Uma das grandes incógnitas da eleição deste ano trata do percentual de


renovação nos parlamentos. Após a maior crise política das últimas décadas, a
expectativa de muitos vai no sentido de derrotar os atuais detentores de mandato,
como forma de trazer gente nova e mudar também as práticas políticas vigentes no país.

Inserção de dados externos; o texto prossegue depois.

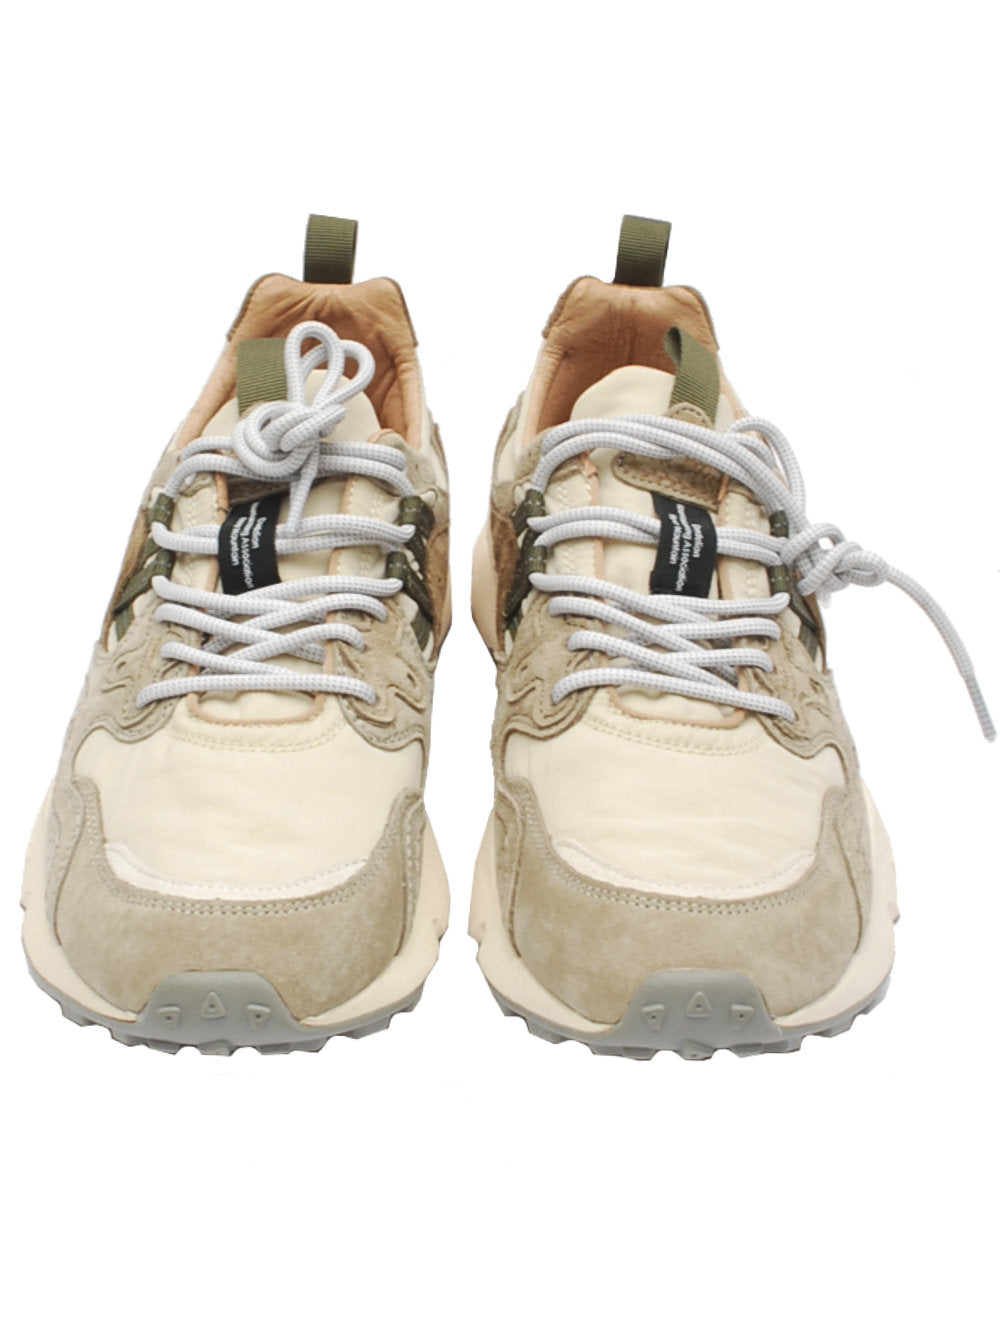 Flower mountain sneaker yamano 3 1n30 off white-beige pe24

Outros já são mais céticos e creem que haverá pouca mudança, ficando talvez um pouco
acima da média histórica.
Minha posição pessoal é que teremos pouca alteração de nomes no Poder
Legislativo. Isto deriva dos movimentos de reação que a elite política teve desde as
jornadas de junho de 2013 e, sobretudo, da Operação Lava Jato. As reformas eleitorais
que foram feitas desde então vieram no sentido de fortalecer mais os partidos e seus
principais candidatos diante do eleitorado e, com maior ênfase, daquilo que chamo de
“indústria do voto”.
Mas há um aspecto que quero destacar e que contribuirá de forma decisiva para
que o percentual de reeleição seja muito mais alto do que muitos esperam. É que nossa
eleição proporcional vem se assemelhando cada vez a um método que vigorou no Brasil
imperial, que eram as eleições indiretas para o legislativo. Nelas um grupo muito
pequeno de eleitores elegia um colégio eleitoral para escolher os representantes de
cada Estado. O cidadão votava em alguém que votaria no escolhido final, numa
metodologia indireta de votação.
Digo que nosso sistema está muito próximo em função do elevado número de
partidos, coligações e candidaturas que presenciamos a cada eleição. Diante desta
fragmentação incentivada pelo sistema e agravada pela ampliação das vagas nas
câmaras de vereadores os eleitos saem das urnas com uma proporção cada vez menor
do eleitorado total. Acrescente-se aí a forte evolução do anti-voto ou voto ABN
(abstenção, branco e nulo), que reduz a base de cálculo dos chamados votos válidos.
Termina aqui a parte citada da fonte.